Firstly, it is fanatically ‘Eurocentric’. When he claims that capitalism is ‘global, fragmentary, geared to small-scale choices, temporary work and multiple skill-sets’ and consumption ‘has become a form of self-expression’ (p, xvi) while boundaries between work and leisure have been blurred (p, 209), he is definitely not talking about garment workers at Bangladesh’s Rana Plaza. When this trap-house of a factory collapsed, 1,133 workers died on April 24, 2013. The tragedy reminded many of New York City’s Triangle Shirtwaist Fire in 1911. Earning 1.36 euro, working 10/12 hours a day, four million Bangladeshi garment workers live on starvation wages, unable to fend off hunger let alone think of ‘consumption as self-expression’. The workers are sometimes even denied the right to go to the toilet. Here the blurring of boundaries is not between leisure and work. Here the workers find blurring of boundaries between work and slavery. The other global commodity, Apple iPhones, are produced in the similar fashion.
Eve the so-called blurring of boundaries between work and leisure, often glorified in postmodernist and post-Marxist discourses, is indeed questionable. This blurring of boundary is in reality an encroachment of workers’ free time. When one is working online from home, after the office hours, blurring of boundaries between work and leisure is hardly anything to glorify.
Likewise, Mason’s ‘networked individual’, bearer of postcapitalism, is in a majority in London, Tokyo and Sydney. True, as mentioned above, Chinese have been taken into account. During their non-work time, they get networked. What about India? He does not mention that hardly 20% in India have access to Internet. This brings us to the second major flaw in Mason’s book. It simply refuses to take into account the global digital divide. Roughly two-thirds in Asia and Africa happen to be on the wrong side of digital divide. In fact, before downloading postcapitalism, digitally deprived Afro-Asians will have to download basic literacy.

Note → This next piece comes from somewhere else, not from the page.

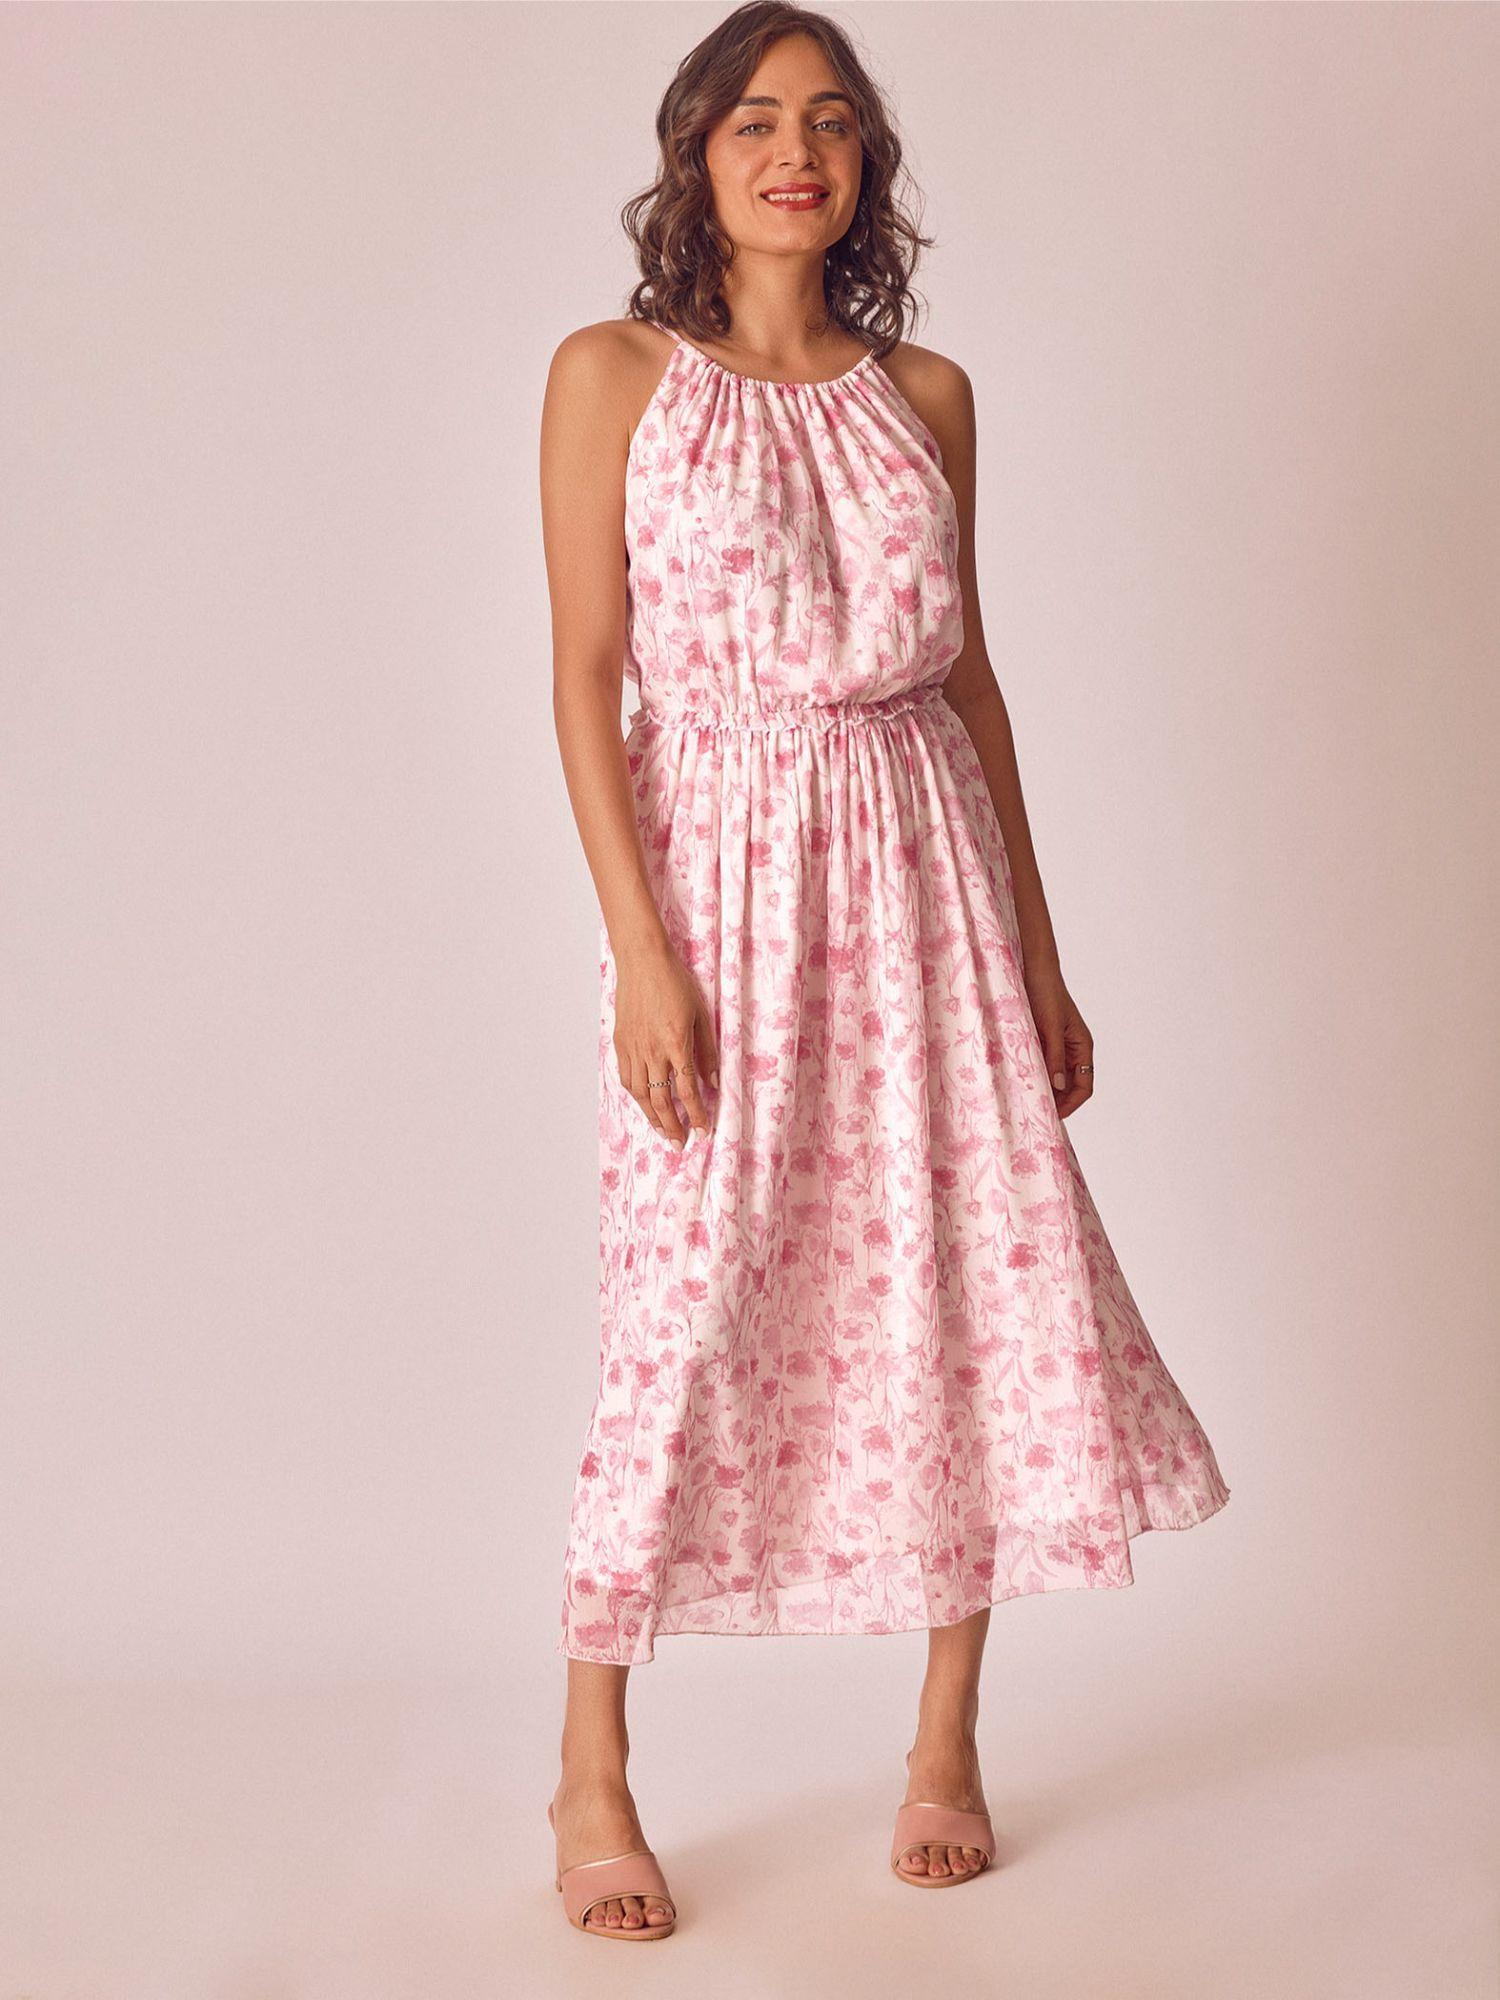 cherry-blossom-in-cut-dress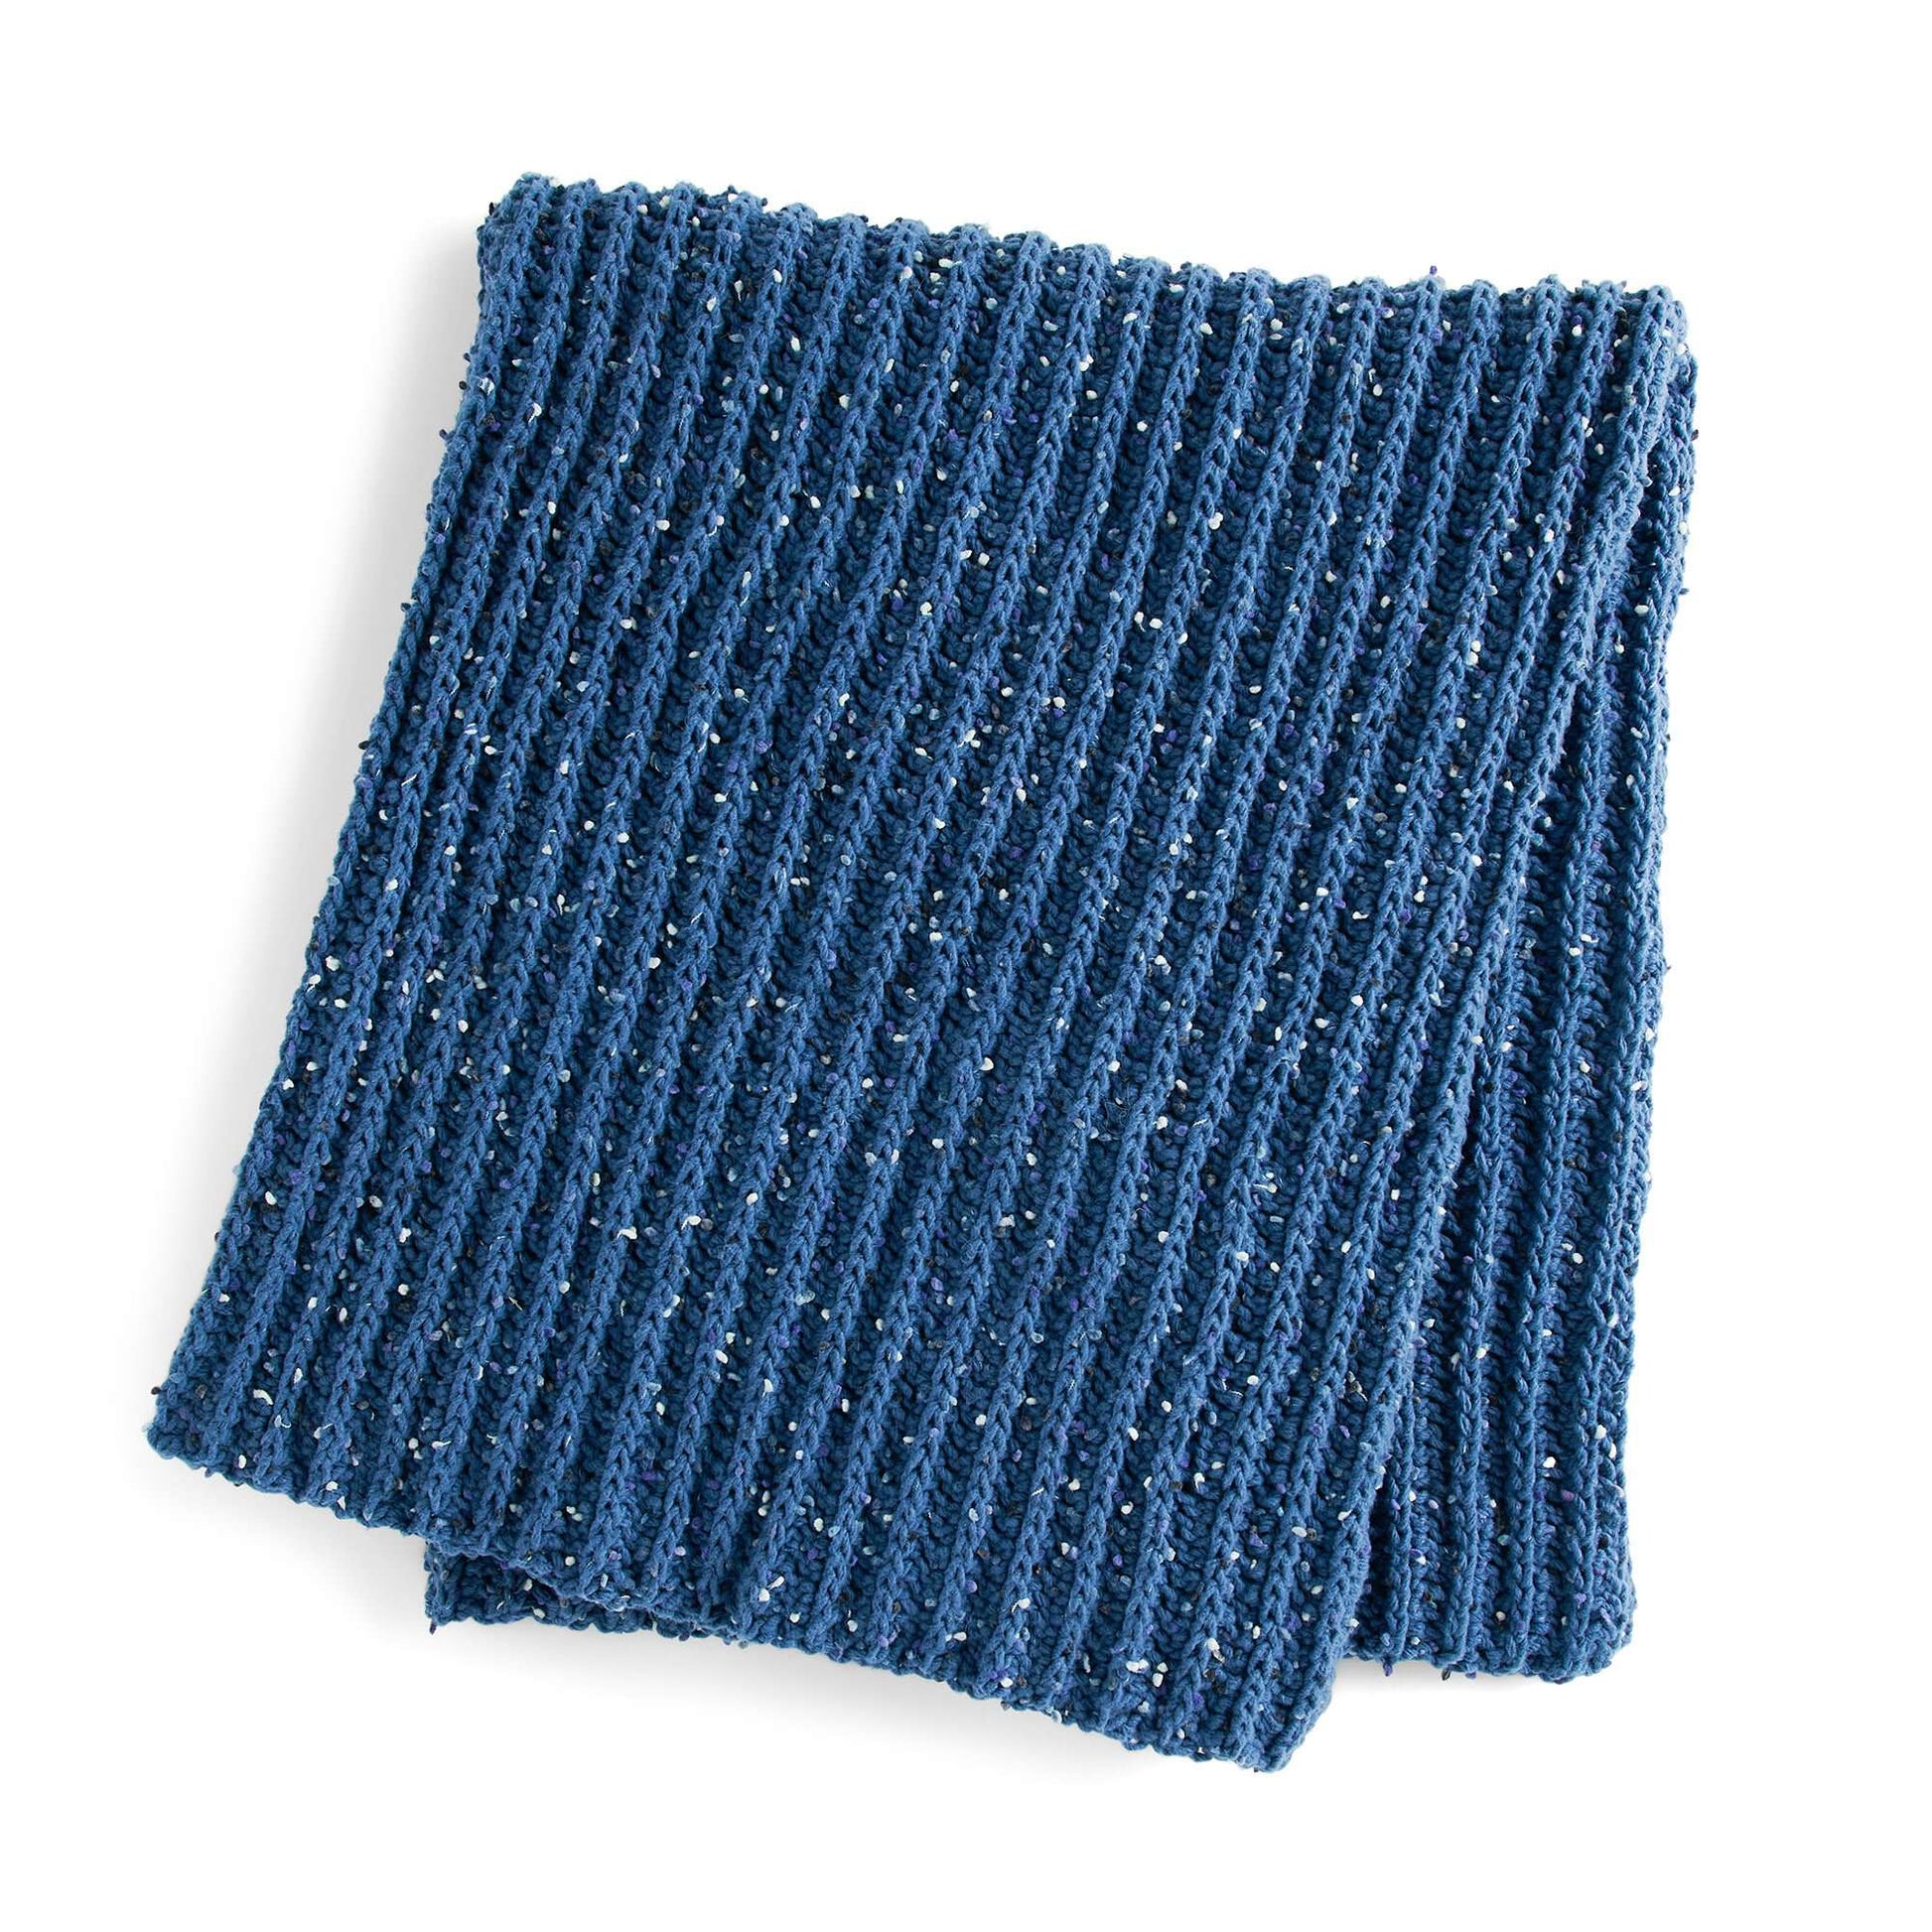 Crochet blanket bernat forever fleece Gentle wash, dry low heat

It is, therefore, understandable that Nepal witnessed a refreshingly old-fashioned revolution led by Maoists instead of dot.communists. A partially successful democratic transformation in Tunisia would not have been possible without its strong trade union base. Even if one buys widely-circulated mainstream myth, flaunted by Mason as well, that the Arab Spring was a networked, Facebook revolution, the developments in Syria and Egypt further expose Mason’s thesis that blindly ignores the role of state.
It seems the state will play a neutral spectator as dot.communists will volunteer, Wikipedia-style, to socially download food, clothing, electricity and education for the global South as well. Even if one concedes that Wikipedia-style volunteer work is uniquely new in human history, what if networked individuals and dot.communists refuse to download the revolution. Mason himself points out that this e-bourgeoisie is hardly interested in politics. His hope lies in the fact that networked individual is indeed angry. So was apocryphal proletariat. Mason ridicules the left for not understanding that the proletariat has not really risen to deliver the end of capitalism. Instead, the proletariat devised strategies to survive and to go on living despite capitalism. What if angry networked individuals also go on living with survival instincts? Ironically, this highly glorified harbinger of postcapitalist revolution is a post-ideological subject. At least, Mason nowhere describes the philosophical outlook of his revolutionary subject. Herein lies yet another problem with Mason’s thesis. He identifies the technological possibilities of building postcapitalism. He identifies the subjectivities. He selectively deploys Marx to build his claims. But he dismisses Lenin and simply ignores Gramsci. His post-ideology dot.communists will simply outdo capitalists through their voluntary services, a bourgeois state not withstanding.